Буслаев достал из шкафа двухствольное охотничье ружье.
– Трофейное из банды Краковского. Устроит?
– С гравировкой, – разглядывая двухстволку, просиял Заринь. – Видать, знатному немцу принадлежало. Спасибочко.
– Не стоит благодарности.
Старик Заринь поцеловал ложе ружья, нацепил на плечо вниз стволом, нахлобучил шапку.
– Только расплатиться мне нечем с вами.
– Расскажи анекдотец. Вот и плата, – подсказал Лиханов.
– Это подходяще!.. – произнес Заринь. – Один бай был где-то на Западе, не то на Востоке. Одним словом в Африке.
– Это смотря из какой точки смотреть, – улыбнулся Буслаев.

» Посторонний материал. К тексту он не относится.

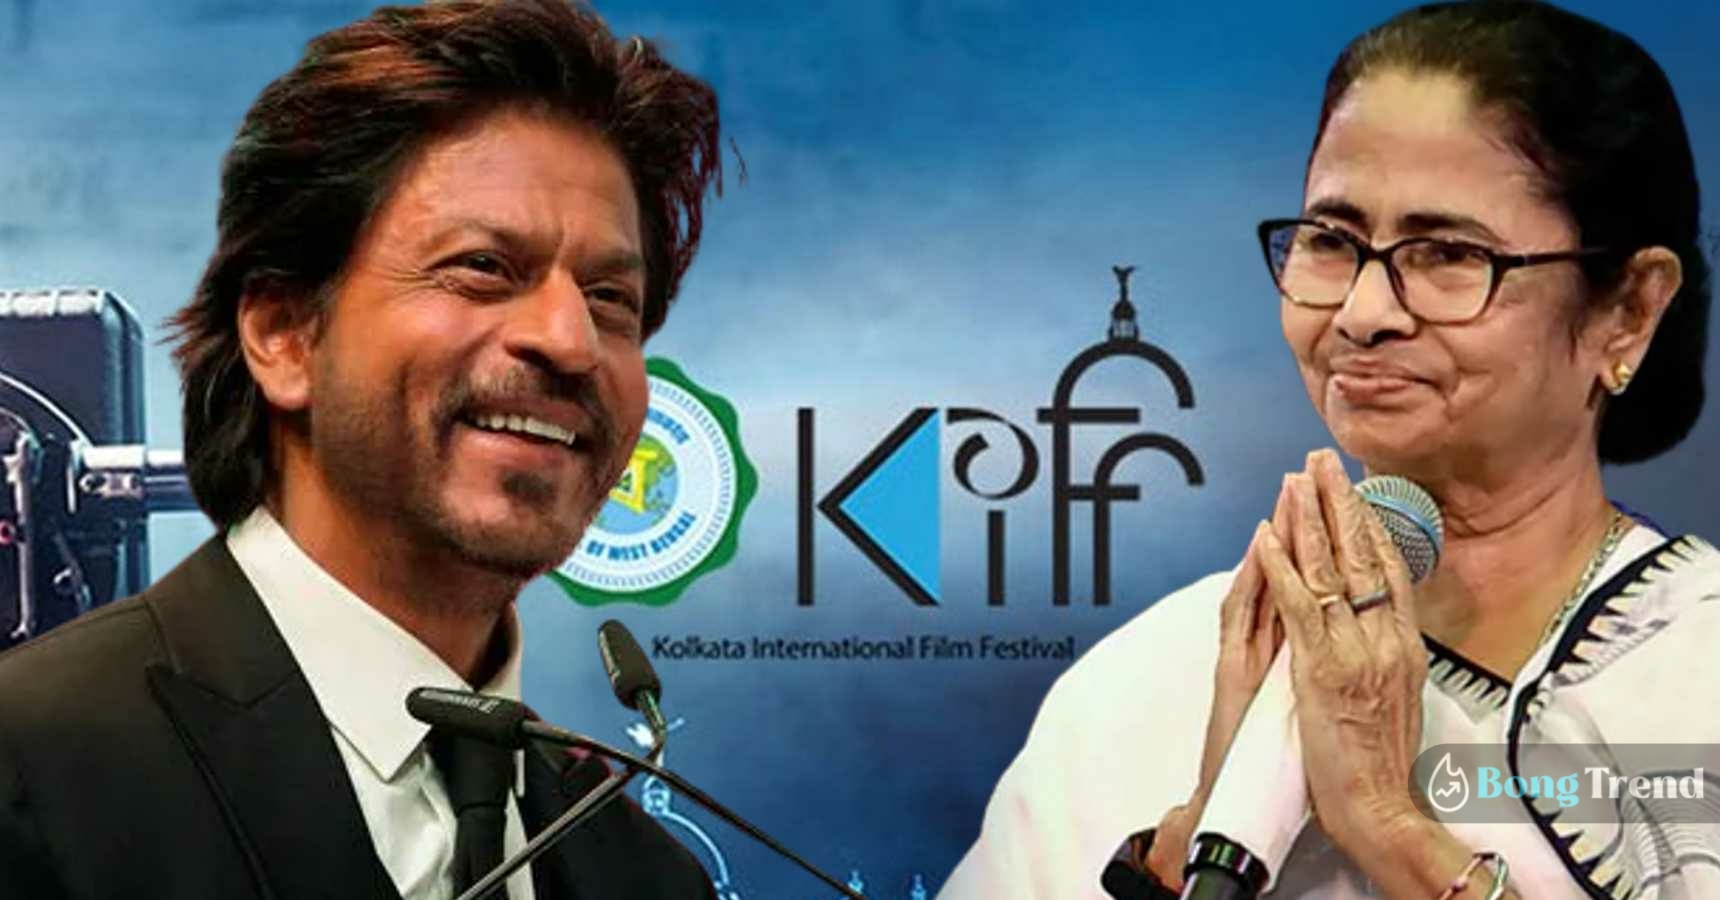 Bollywood badshah Shahrukh Khan at 28th Kollkata film festival
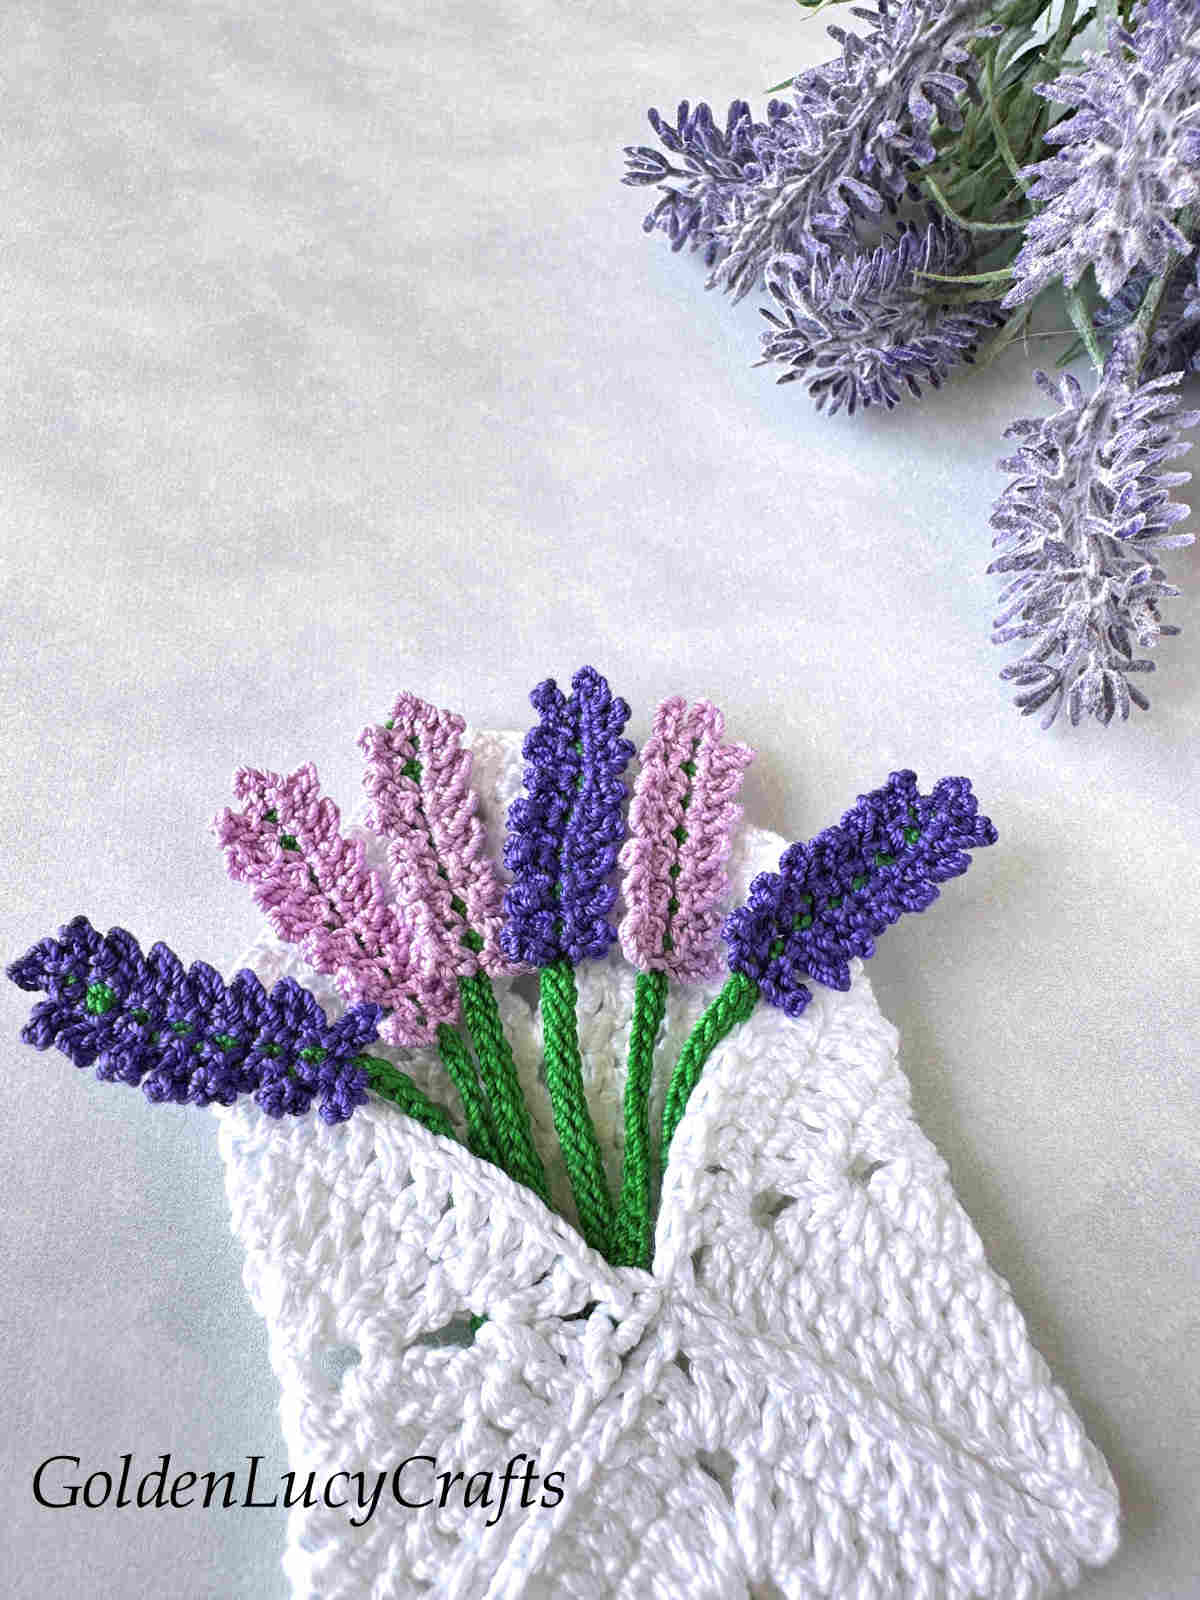 Crochet lavender envelope close up picture.

– Я географиев не проходил, лейтенант… Принимали бая с почестями. Поставили перед ним огромное блюдо. А на нем верблюжонок жареный. Задумался бай: что делать с ним? Ему показали на нож, на брюхо. Вспорол верблюжонку брюхо. Глядь, а там другая диковина. Запеченый барашек в утробе лежит.
Буслаев и Лиханов рассмеялись.
– Баю намекают: разрезай-де брюшко и барашка. Вспорол бай и его. И вдруг, о Аллах! Из утробы ягненка квочка выпорхнула да как закудахчет! А за ней целый выводок цыплят! Разбежались по тарелкам гостей и давай все подчистую склевывать.
У Антона живот от смеха ходуном заходил. Иван же сказал не то серьезно, не то шутя:
– Какое же это угощение, если курица живая и вся в перьях?!
– Вот и бай растерялся, – сказал Заринь. – Хотел возмутиться. Что за шутки-де?! А ему и говорит хозяин: «Кушай, дорогой гость, все это и запивай кофе по-бедуински». А чашка-то чуть больше наперстка будет. Три глотка! И никакого тебе вина к такой закуске!
– Ваш бай, очевидно, побывал у племени бедуинов-верблюжатников, – продолжая смеяться, сказал Буслаев.
– Бай врать не станет. Рассказал, значит, правда. У него слово и дело в одной упряжке скачут, – произнес Заринь, смеясь.
– Спасибо. Развеселили нас, – поблагодарил Буслаев.
– Бывайте здоровеньки! – попрощался Заринь и ушел.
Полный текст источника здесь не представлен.